Sigh. So much work for one short sentence (if you do it manually).

12.4 Effect size

There’s a few different ways you could measure the effect size in an ANOVA.

12.4.1 Eta-squared

One of the most commonly used measures are \(\eta^2\) (eta-squared). The definition of \(\eta^2\) is actually really simple: \[ \eta^2 = \frac{\mbox{SS}_b}{\mbox{SS}_{tot}} \]

That’s all it is. So when looking at the ANOVA table above, we see that \(\mbox{SS}_b = 3.45\) and \(\mbox{SS}_{tot} = 3.45 + 1.39 = 4.84\). Thus we get an \(\eta^2\) value of \[ \eta^2 = \frac{3.45}{4.84} = 0.71 \]

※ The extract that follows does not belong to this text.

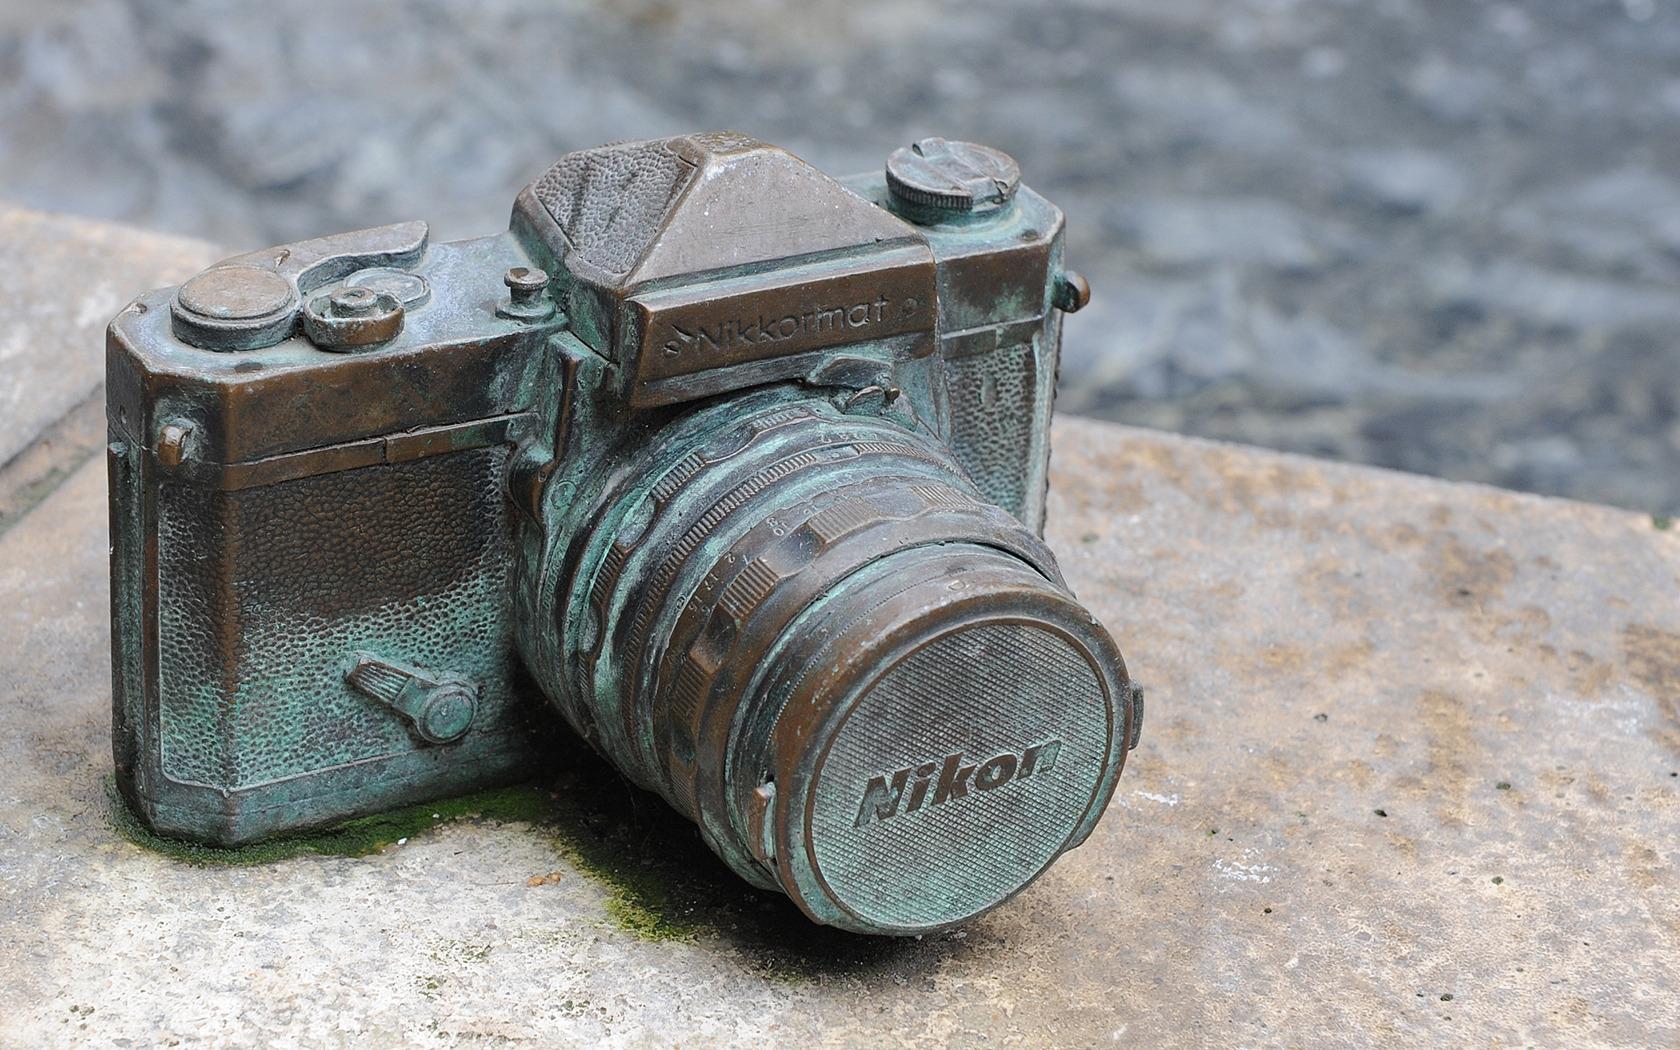 Фотоаппарат Nikon старый  № 3624410 бесплатно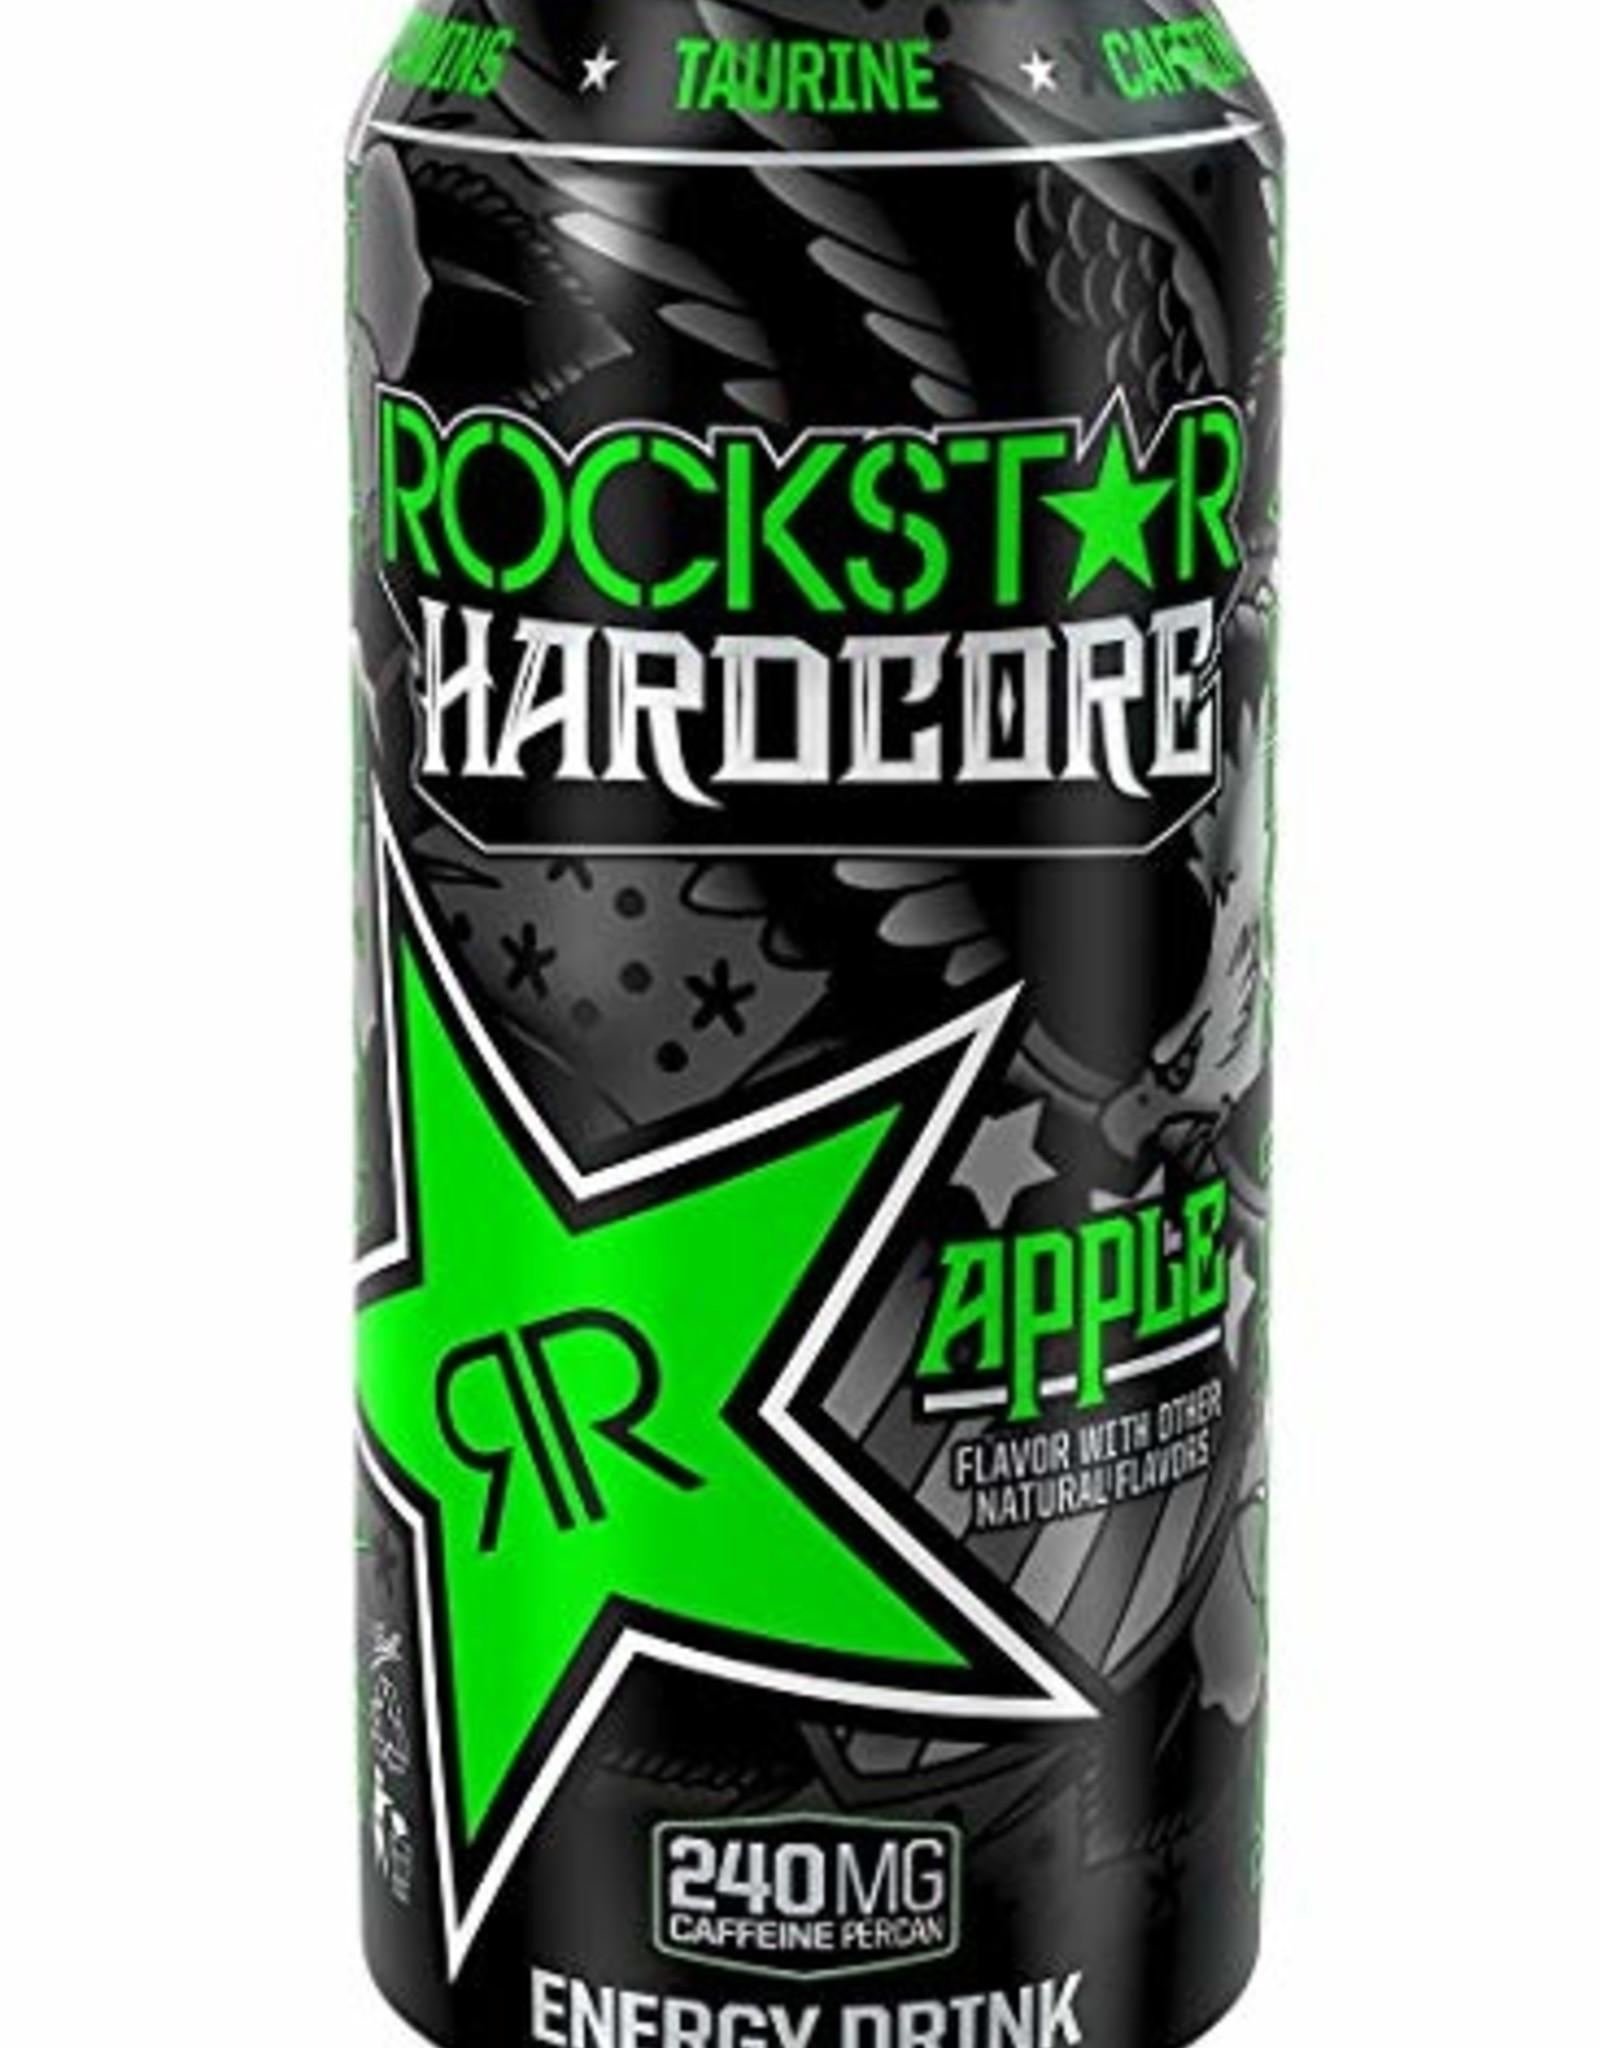 Rockstar Rockstar Hardcore Apple Natural Flavours 50 cl

The interpretation of \(\eta^2\) is equally straightforward: it refers to the proportion of the variability in the outcome variable (mood_gain) that can be explained in terms of the predictor (drug). A value of \(\eta^2 = 0\) means that there is no relationship at all between the two, whereas a value of \(\eta^2 = 1\) means that the relationship is perfect. Better yet, the \(\eta^2\) value is very closely related to a squared correlation (i.e. \(r^2\)). So, if you’re trying to figure out whether a particular value of \(\eta^2\) is big or small, it’s sometimes useful to remember that \[ \eta= \sqrt{\frac{\mbox{SS}_b}{\mbox{SS}_{tot}}} \] can be interpreted as if it referred to the magnitude of a Pearson correlation. So in our drugs example, the \(\eta^2\) value of 0.71 corresponds to an \(\eta\) value of \(\sqrt{.71} = .84\). If we think about this as being equivalent to a correlation of about .84, we’d conclude that the relationship between drug and mood.gain is strong.

12.4.2 Omega-squared

There’s an interesting blog post56 by Daniel Lakens suggesting that eta-squared itself is perhaps not the best measure of effect size in real world data analysis, but rather omega-squared (\(\omega^2\)) is. CogStat also opts for omega-squared as the default measure of effect size in one-way ANOVA.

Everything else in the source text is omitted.